Let your endnotes or footnotes do some heavy lifting. When you say “scholars have argued,” you can list those scholars in a footnote instead of naming them all in the intro. You’re still citing ethically—just not spending paragraphs on things your audience already knows.
Focus on analysis, not summary. That means talking about scholars in the plural: schools of thought, established debates, emerging conversations. You might say, “This idea, most persuasively argued by…” or “A line of inquiry led by…” You’re grounding your work—but you’re getting out of the listing mindset.
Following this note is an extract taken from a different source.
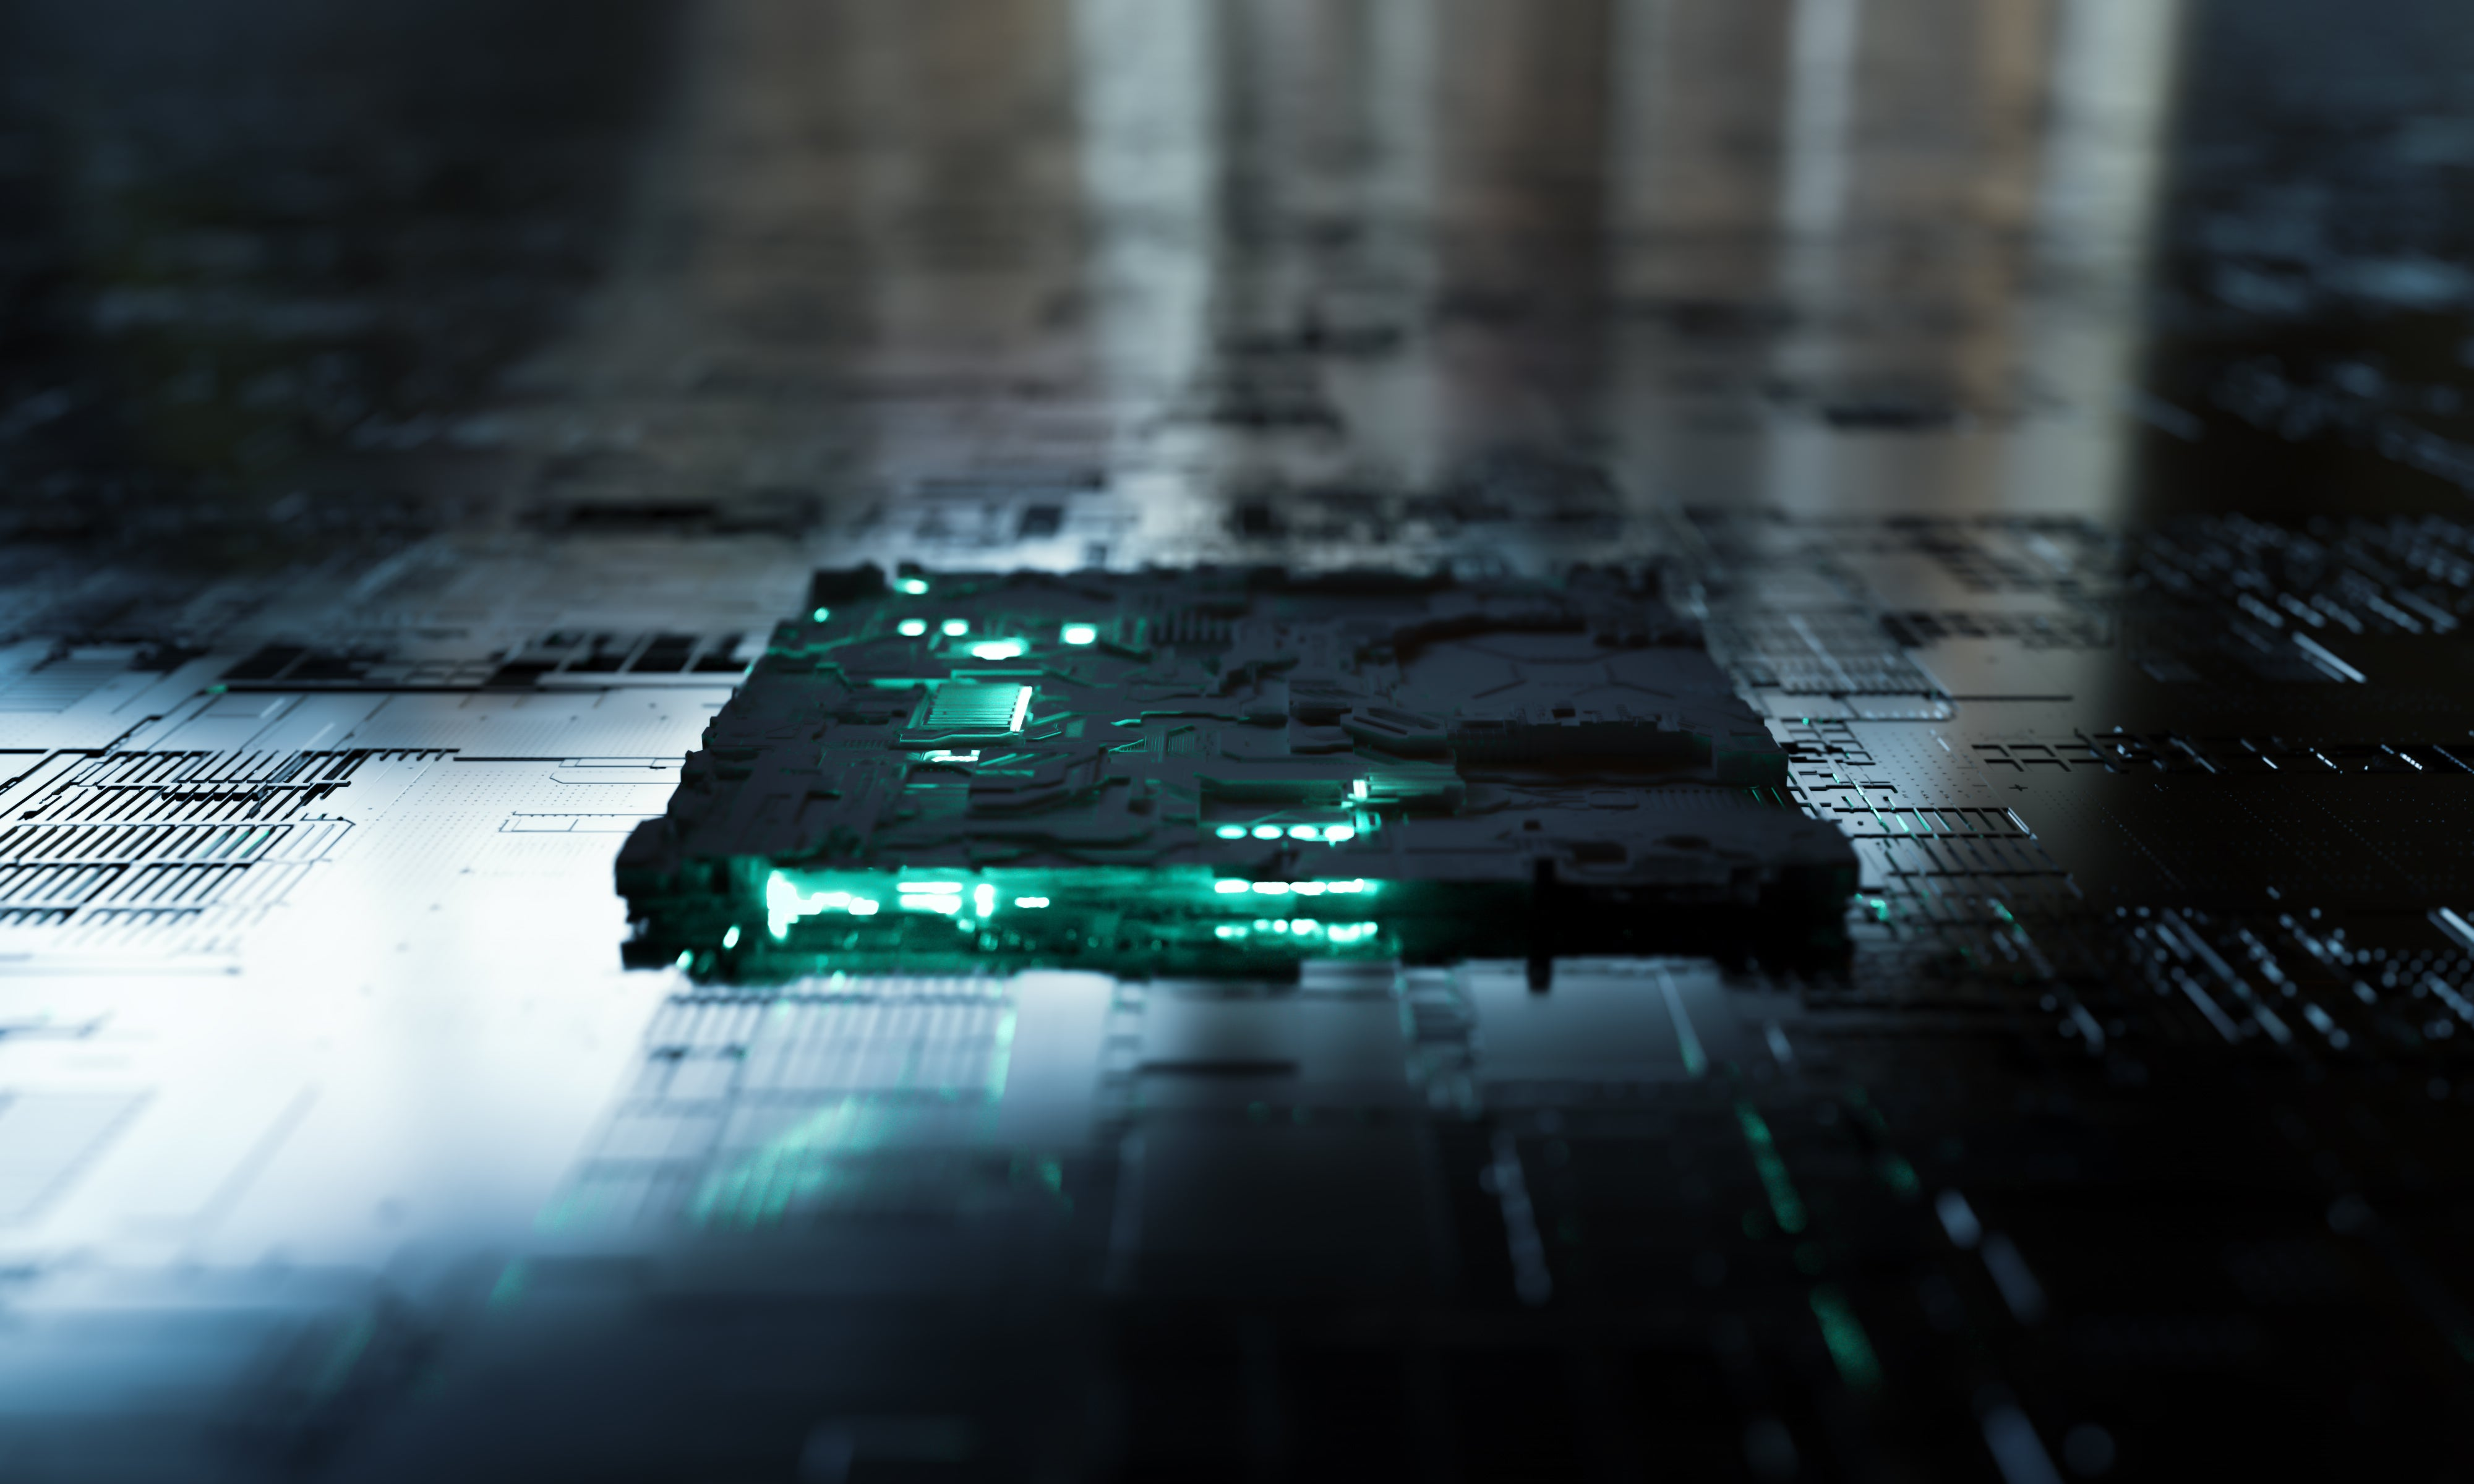 Better Semiconductor Stock: ASML vs. TSMC

Now, you know I don’t like to give hard word counts—but this section of the introduction? It could be around six pages, maybe a bit more. But again, don’t write to the number—write to the function. Does each paragraph earn its place?
And the best way to figure that out? Read introductions. Especially first books. Look at how other scholars do it. Not just what they say—but how they structure it.
Watch for red flags:
- Too many block quotes
- Long lists of scholars
- Too much context that belongs elsewhere (e.g., appendix or methodology)
Be thoughtful about where everything goes.
Summary
So, to summarize:
- A dissertation has a more extensive, summary-based literature review.
- A book has a more concise, analytical literature review that is folded into the introduction.
It’s not that you don’t discuss secondary literature in a book—you absolutely do. You just do it very differently.
If you’re saying, “I already did all of this in my dissertation—it was short,” that’s great. Go ahead and fold it in. But if you had a long literature review—twenty-plus pages? That’s not going in the book as-is.
Final Thoughts
I’ll share some resources in the show notes—some of my writing about the difference between dissertations and books—to help you out.
In the meantime, go back to the books you admire. Look closely at the introductions. How do those authors—especially first-time authors—talk about secondary literature? Do they summarize in a paragraph? Do they cluster ideas by theme?
That’s what you want to notice. Not just what they say—but how they say it.
Closing
As always, I hope this was helpful. We’ll be back next week with our final episode in the series.
Until then, be well, and I’ll talk to you soon.
Thank you so much for listening to today’s episode.
Remember: writing an academic book is challenging, but that doesn’t mean you have to overcomplicate it.